Worst predictions display fails due to an empty string
Evaluation fails on Socface images due to empty lines: the worst predictions are not displayed due to an empty string:
Evaluation: 1%| | 1/126 [00:06<12:56, 6.21s/it, values={'cer': nan, 'cer_no_token': nan, 'wer': 0.0,
2024-02-08 11:06:23,748 INFO/dan.ocr.evaluate: Evaluating on set `test`
Evaluation: 1%| | 1/109 [00:22<40:16, 22.37s/it, values={'cer': 0.0599, 'cer_no_token': 0.0651, 'wer':
#### DAN evaluation
| Split | CER (HTR-NER) | CER (HTR) | WER (HTR-NER) | WER (HTR) | WER (HTR no punct) | NER |
|:-----:|:-------------:|:---------:|:-------------:|:---------:|:------------------:|:----:|
| val | nan | nan | 0.0 | 0.0 | 0.0 | nan |
| test | 5.99 | 6.51 | 17.24 | 16.14 | 16.14 | 1.84 |
#### Nerval evaluation
##### test
| tag | predicted | matched | Precision | Recall | F1 | Support |
|:-----------------:|:---------:|:-------:|:---------:|:------:|:-----:|:-------:|
| surname_household | 10 | 9 | 90.0 | 81.82 | 85.71 | 11 |
| surname | 20 | 18 | 90.0 | 94.74 | 92.31 | 19 |
| occupation | 30 | 30 | 100.0 | 100.0 | 100.0 | 30 |
| nationality | 30 | 30 | 100.0 | 100.0 | 100.0 | 30 |
| lob | 30 | 23 | 76.67 | 79.31 | 77.97 | 29 |
| link | 30 | 30 | 100.0 | 100.0 | 100.0 | 30 |
| firstname | 30 | 28 | 93.33 | 93.33 | 93.33 | 30 |
| employer | 8 | 7 | 87.5 | 87.5 | 87.5 | 8 |
| birth_date | 30 | 30 | 100.0 | 100.0 | 100.0 | 30 |
| All | 218 | 205 | 94.04 | 94.47 | 94.25 | 217 |
Traceback (most recent call last):
File "/gpfsdswork/projects/rech/rxm/ulb79yw/dan/env/bin/teklia-dan", line 8, in <module>
sys.exit(main())
File "/gpfsdswork/projects/rech/rxm/ulb79yw/dan/dan/cli.py", line 26, in main
status = args.pop("func")(**args)
File "/gpfsdswork/projects/rech/rxm/ulb79yw/dan/dan/ocr/evaluate.py", line 221, in run
eval(0, config, nerval_threshold, mlflow_logging)

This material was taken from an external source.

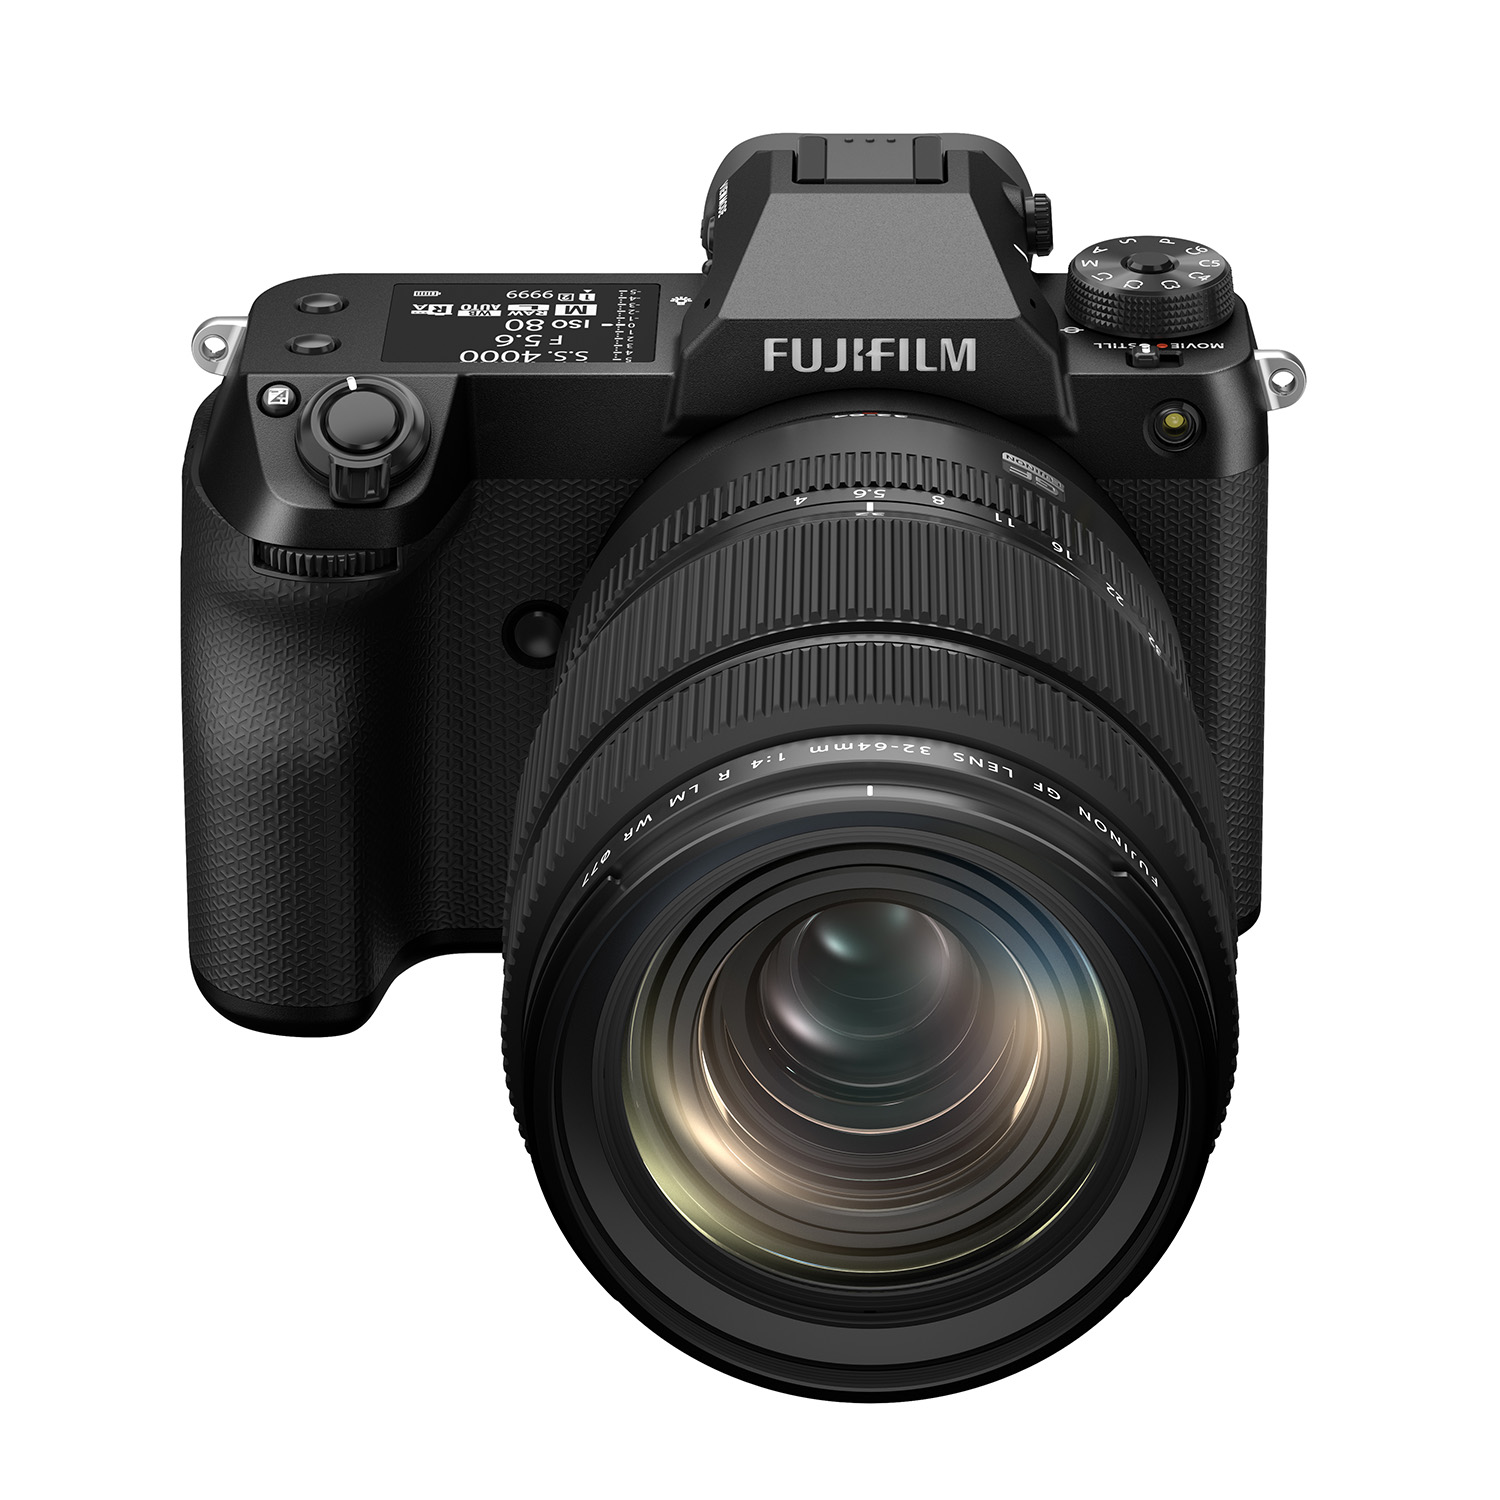 Снимок камеры Fujifilm GFX100S II на белом фоне, вид спереди
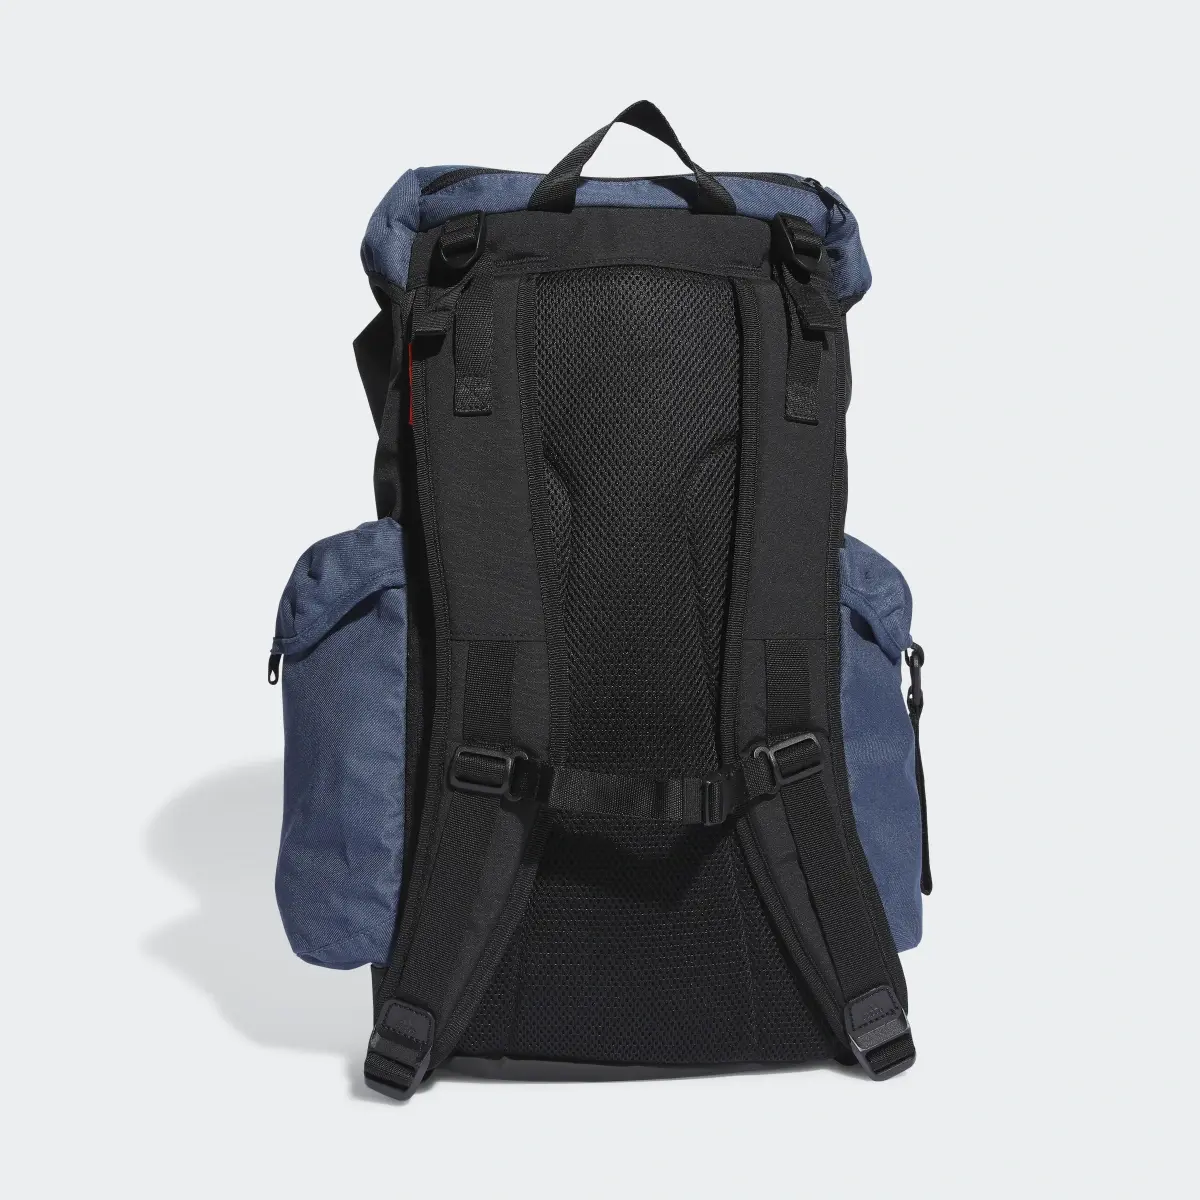 Adidas City Xplorer Backpack. 3

File "/gpfsdswork/projects/rech/rxm/ulb79yw/dan/dan/ocr/evaluate.py", line 199, in eval
print_worst_predictions(all_inferences)
File "/gpfsdswork/projects/rech/rxm/ulb79yw/dan/dan/ocr/evaluate.py", line 90, in print_worst_predictions
alignment = getNiceAlignment(
File "edlib.pyx", line 195, in edlib.getNiceAlignment
Exception: The object alignResult contains an empty CIGAR string. Users must run align() with task='path'. Please check the input alignResult.